Eve Saint discusses arrest and forced removal from Wet’suwet’en territory at Toronto event

Daughter of Wet’suwet’en hereditary chief, pipeline protestors speak out
Eve Saint spoke about her experience being forcibly removed by the RCMP. VICTORIA LEE/THE VARSITY
Eve Saint spoke about her experience being forcibly removed by the RCMP. VICTORIA LEE/THE VARSITY

Wet’suwet’en land defender Eve Saint described her arrest on her peoples’ territory at a talk in Regent Park Community Centre, hosted by the Toronto division of the Ontario Coalition Against Poverty (OCAP) on February 20.

Saint sang the women’s warrior song as she was removed from Wet’suwet’en territory by Royal Canadian Mounted Police (RCMP) officers for taking part in a blockade against the Coastal GasLink (CGL) pipeline.

She was arrested at Gidimt’en, one of two checkpoints set up by the Wet’suwet’en people to stop the CGL pipeline from being built on their unceded lands. Though the Wet’suwet’en gave Coastal GasLink an alternative route, the company has rejected it.

After the British Columbia Supreme Court issued an injunction to clear the roads in December, the RCMP began an operation to clear the blockades and arrest protestors, which in turn sparked nation-wide solidarity protests.

“You know, your father, your ancestors have walked the territory for thousands and thousands of years, and you’re being treated like a criminal,” said Saint.

As armed RCMP officers moved around the blockade, the thought at the front of Saint’s mind was that someone was going to get shot. “My main goal was to make sure that they know that we’re unarmed, we’re peaceful,” Saint recounted of the moment that the RCMP officers closed in.

In December, The Guardian reported that the RCMP, in its plans to clear the road for the CGL pipeline, were prepared to use lethal force, and in leaked documents had proposed “[using] as much violence toward the gate as you want.” It further added that arrests would be necessary for “sterilizing [the] site.”

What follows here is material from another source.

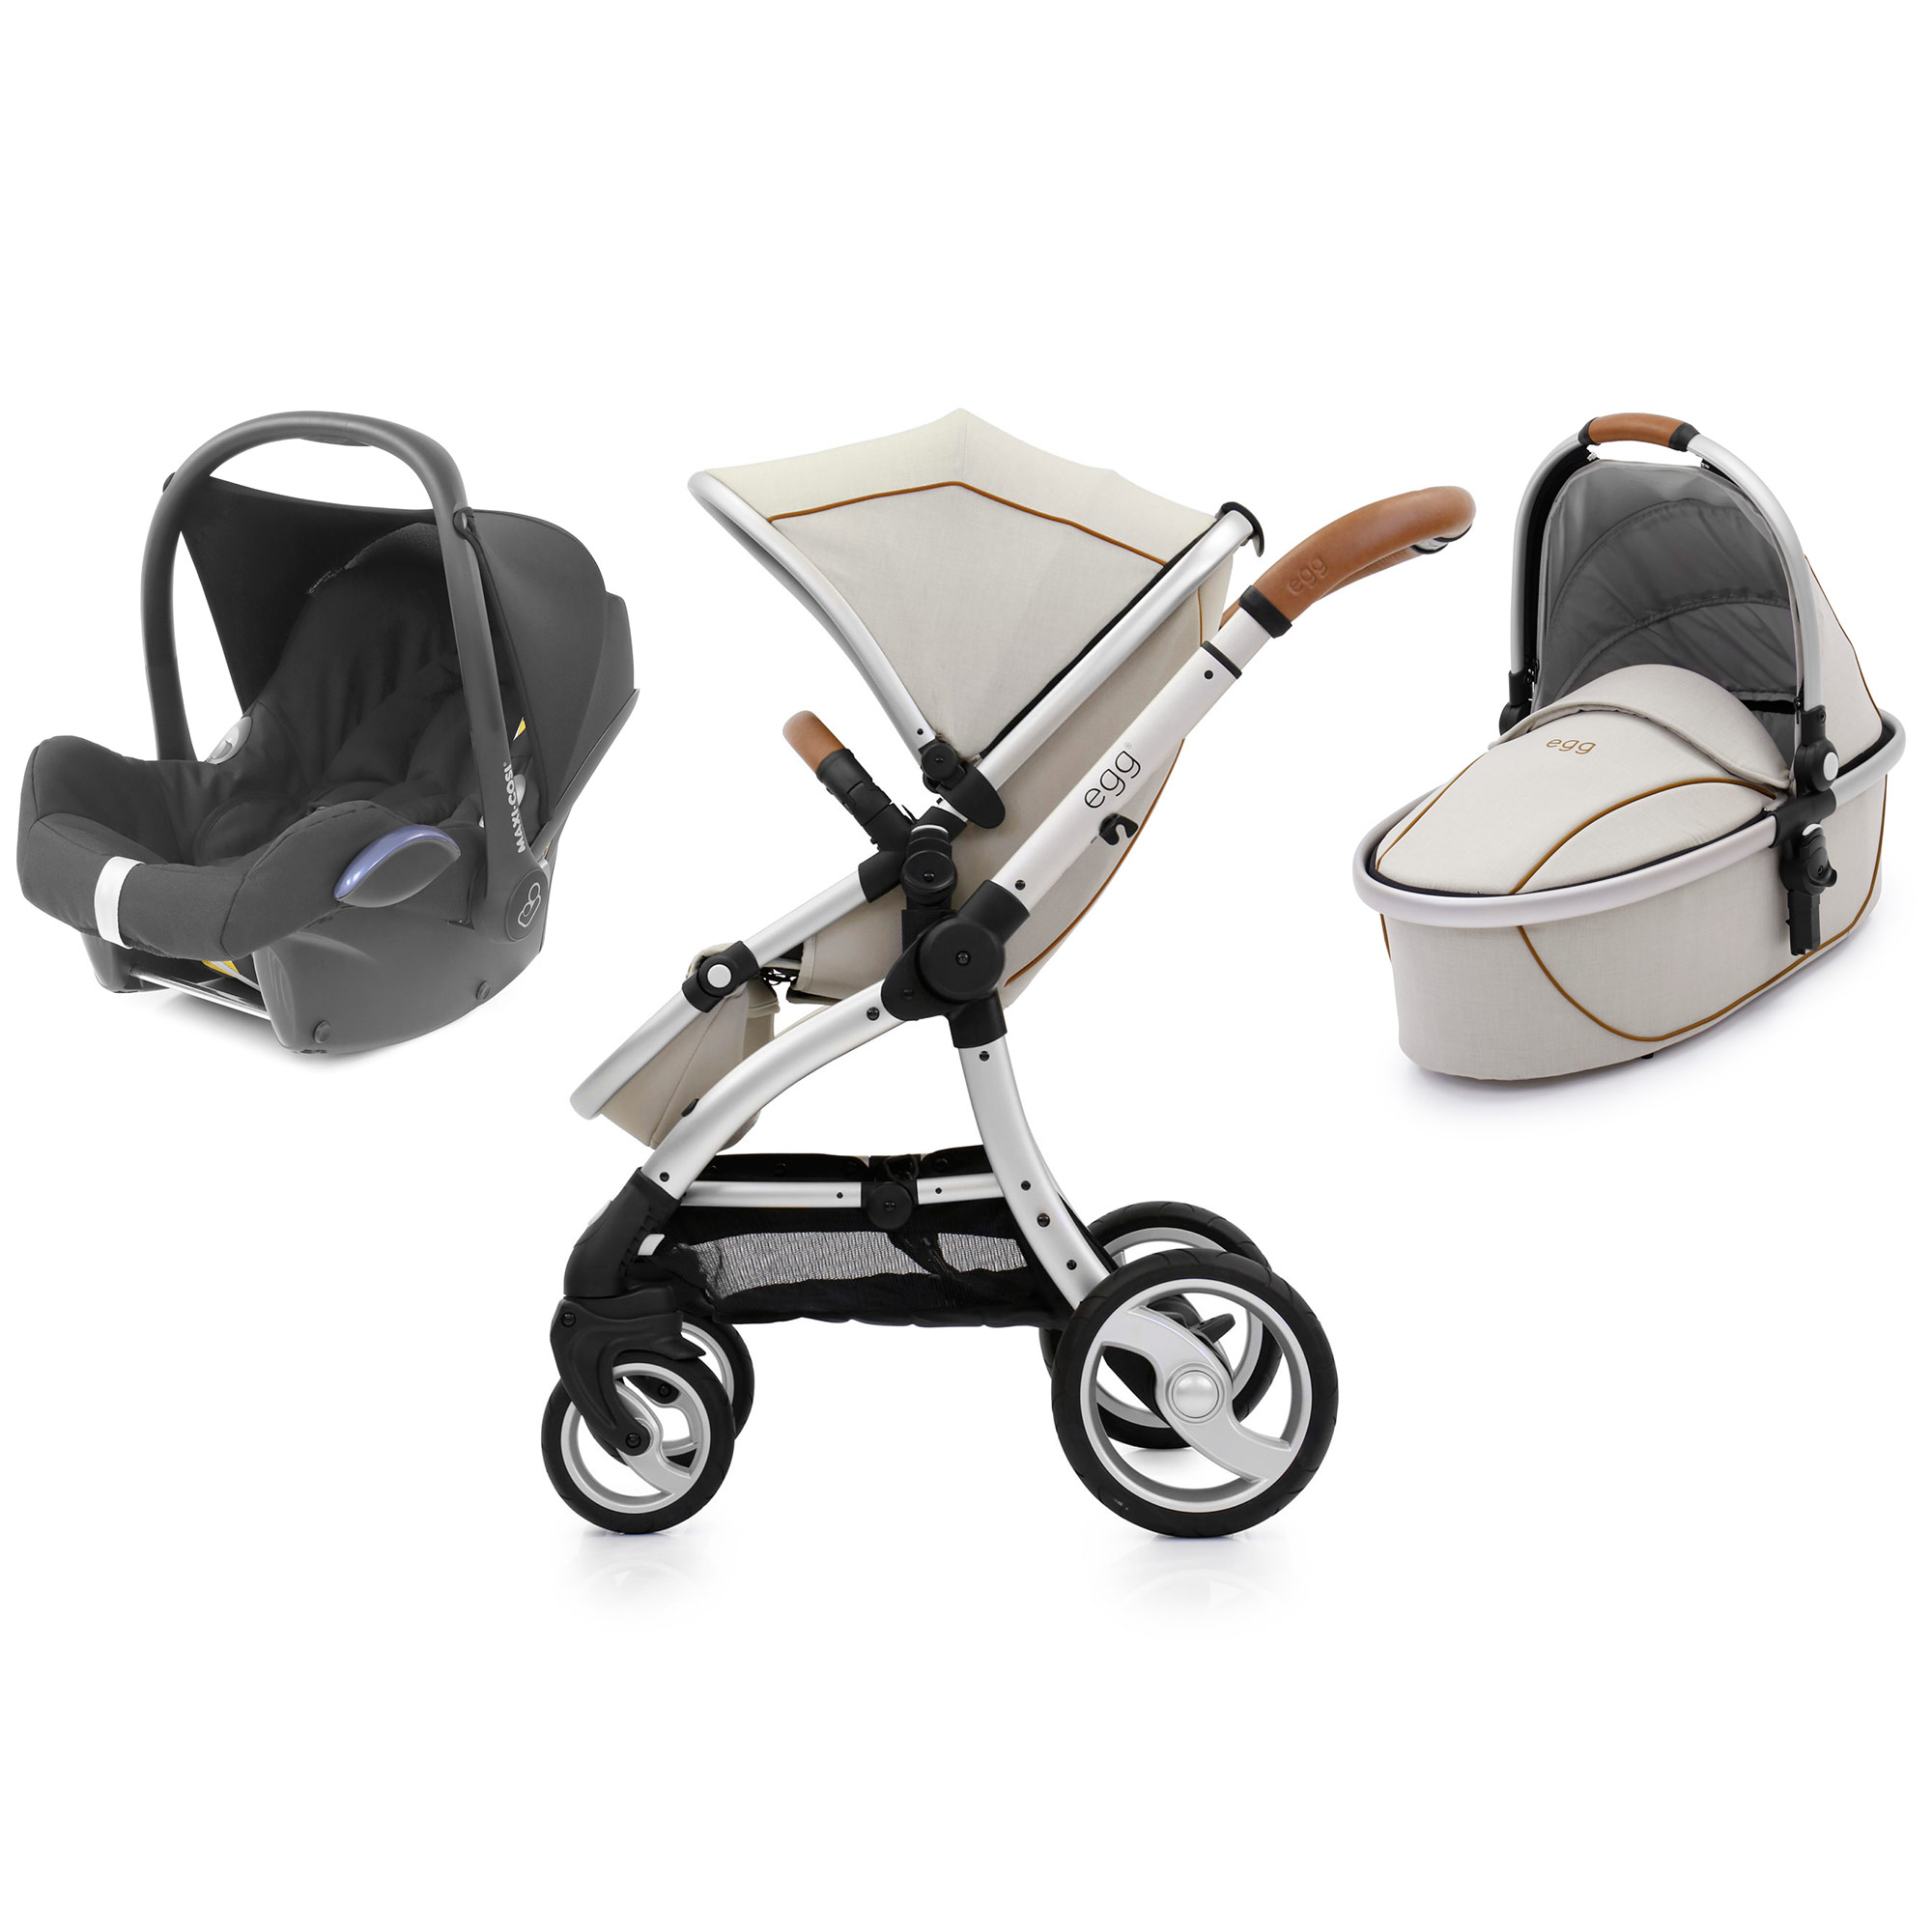 egg stroller with car seat

Based in Toronto, Saint had been visiting a sick family member when the RCMP moved to enforce the court injunction against the pipeline protestors. At that moment Saint made the decision to leave school and her life in Toronto to help her father, Hereditary Chief Woos, and others’ efforts to halt the construction of the pipeline Wet’suwet’en territory. Hereditary chiefs titles are passed down through generations — Wet’suwet’en hereditary chiefs have authority over their unceded territory as per pre-colonial Wet’suwet’en law. While the Elected Band Councils are in favour of the pipeline, they only have jurisdiction over reserves and not the unceded territory that the pipeline would pass through. Furthermore, the band councils were created under the Indian Act, which does not predate the hereditary chiefs’ authority.

On February 7, Saint was told that the RCMP officers were on their way to her location at Gidimt’en checkpoint blockade. Saint described preparing for RCMP arrival by eating, drinking, going to the bathroom, and thinking over what she would say to them upon arrival.

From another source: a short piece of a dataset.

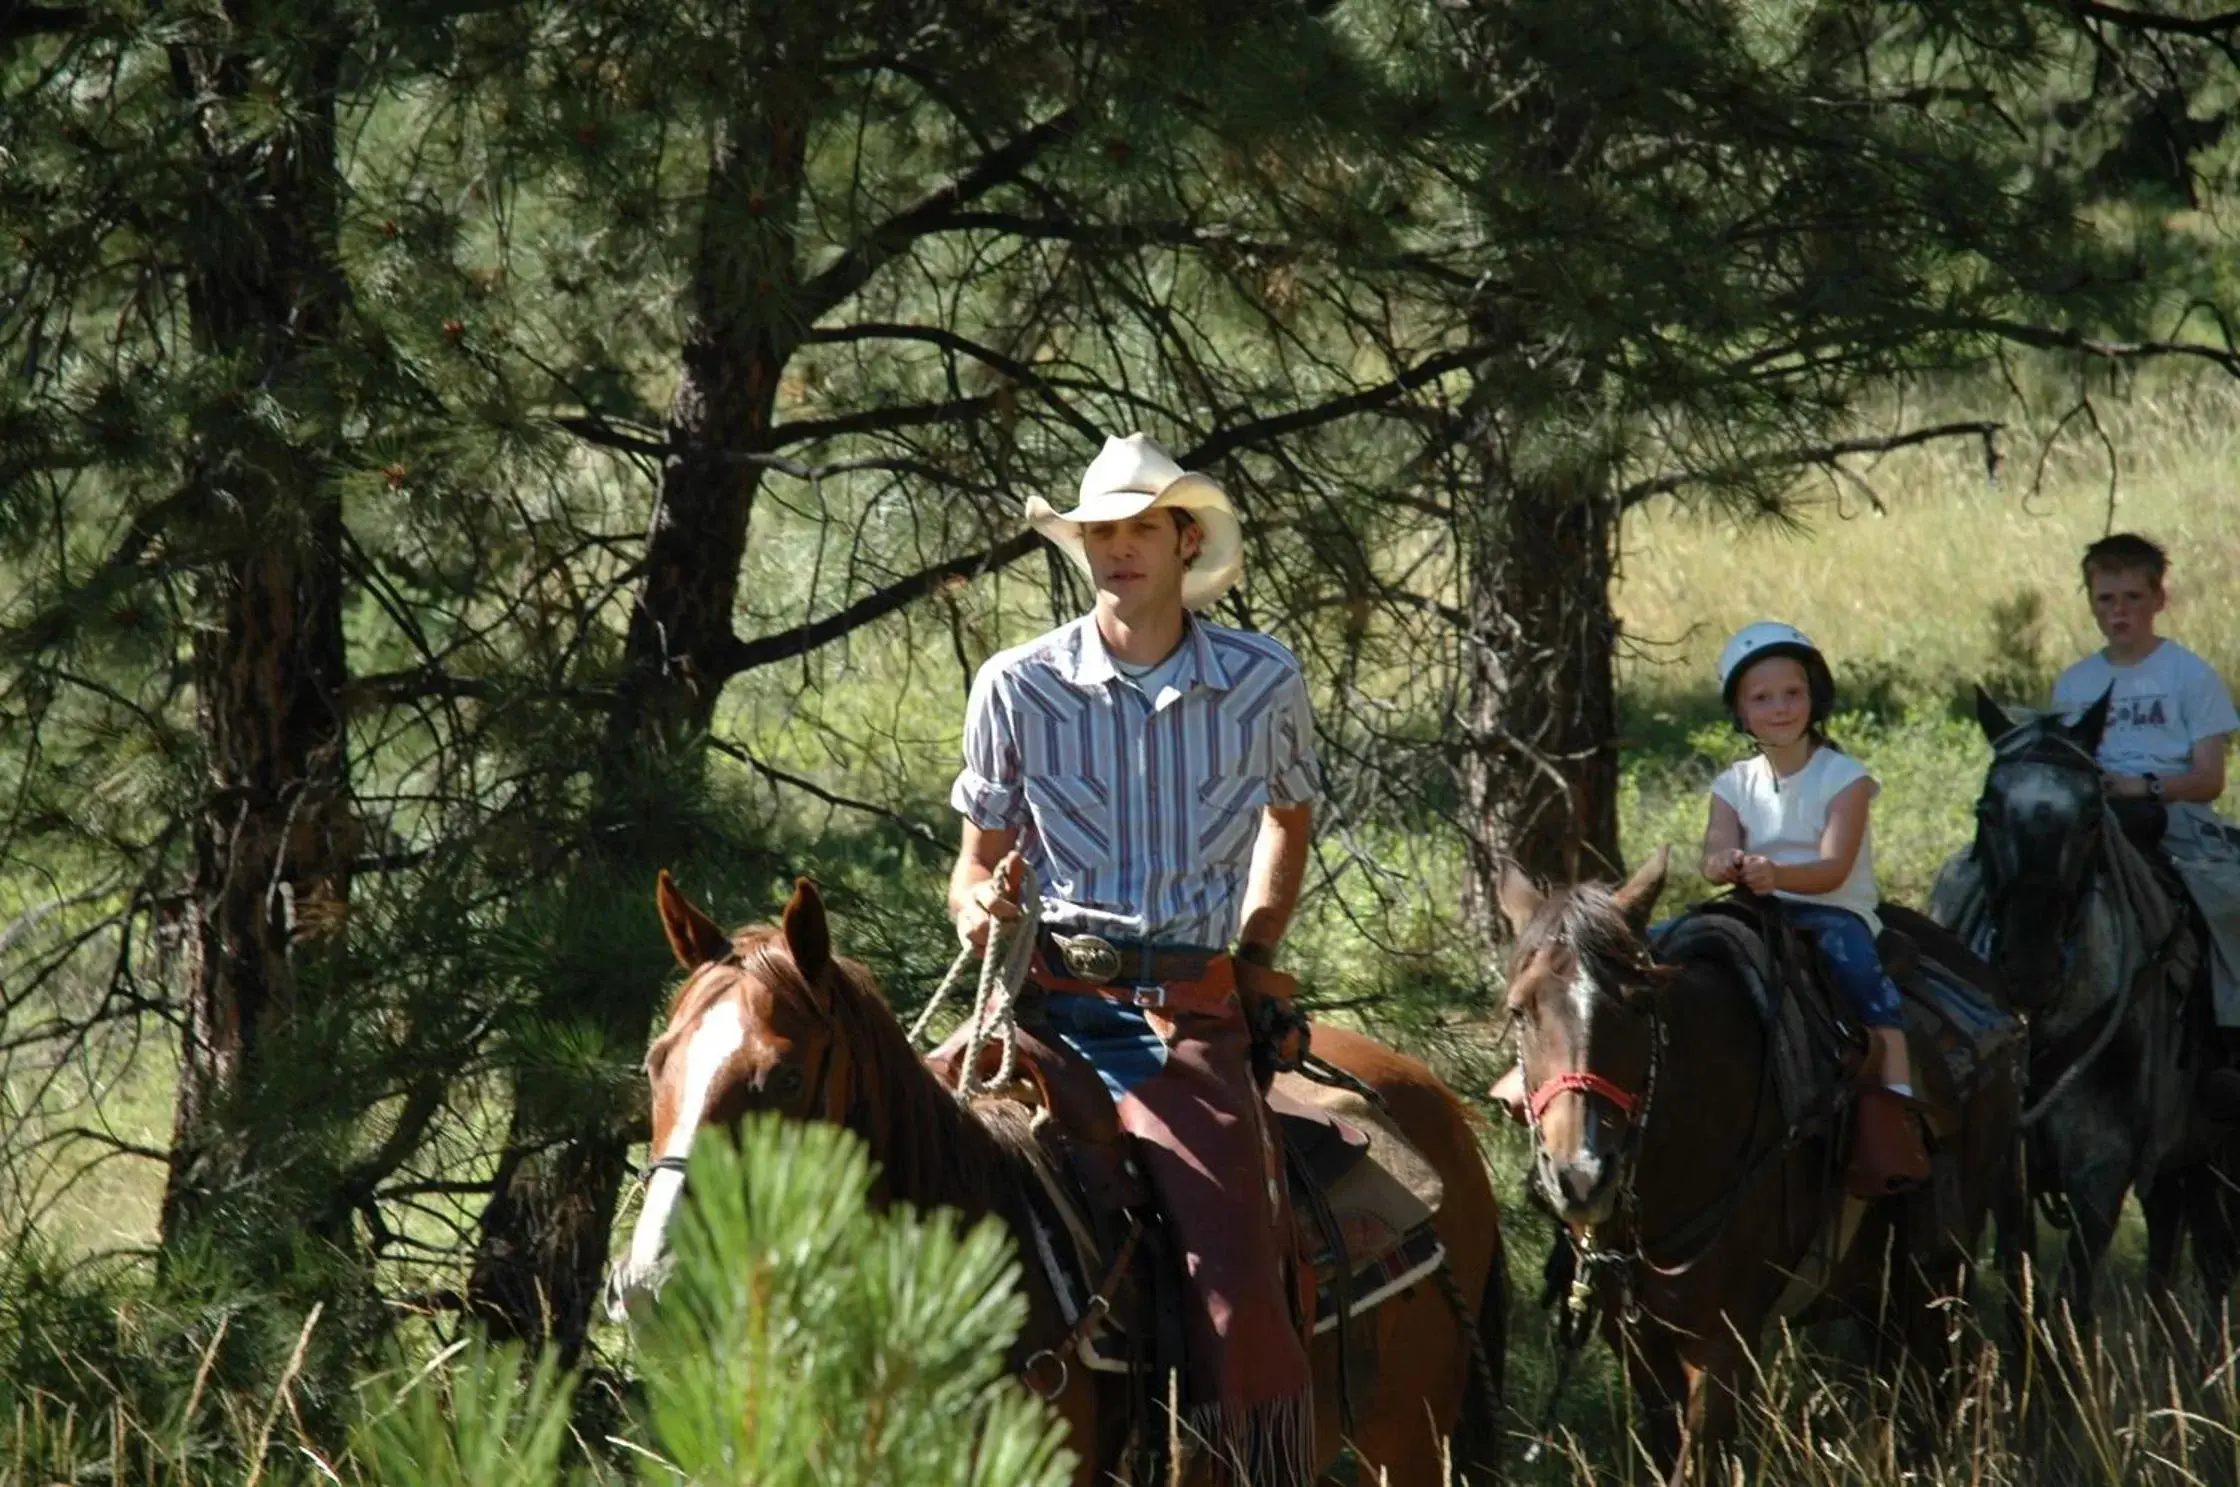 Horse-riding in Lonesome Dove Ranch

Saint said that she told the RCMP during its raid of Gidimt’en, while helicopters and drones could be heard overhead, that “they are trespassing and that they have no consent.”

Despite this, the RCMP moved in, and Saint was arrested and held in custody for four days. Saint spoke of crying in custody because she wished she could have done more. However, shortly before the raid she had found out she was pregnant and made every effort to maintain the safety of her person.

Vanessa Gray from Aamjiwnaang First Nation in Sarnia, Ontario, also spoke at the OCAP event. Along with members of Climate Justice Toronto, Gray occupied the office of the federal Minister of Crown-Indigenous Relations, Carolyn Bennett.

Gray stressed that this is not a “new issue.”

“While the rest of you have an option to do something, we have been raised in Indigenous families that have only been surviving this same issue,” said Gray, who is also a co-founder of Aamjiwnaang & Sarnia Against Pipelines.

A U of T student studying political science and Indigenous studies, Ross Johnston, attended the event. Though informed on the issues in Wet’suwet’en territory, Johnston hoped to learn from the speakers’ personal experiences.This is not the first Wet’suwet’en solidarity event for Johnston, who also attended a “big march on Family Day and a few smaller things up in Northern Ontario… [where] we got some solid support from people on the side of the road.”

Johnston said that the protests “solidified the fact that this was a growing movement and that gave [him] a lot of hope.”

At this time, Prime Minister Justin Trudeau has called for an end to the rail blockades that are held in solidarity across the country. CGL has been told by British Columbia’s Environmental Assessment Office that further talks are needed with the Wet’suwet’en people before construction continues. The gas company has been given 30 days to complete these consultations.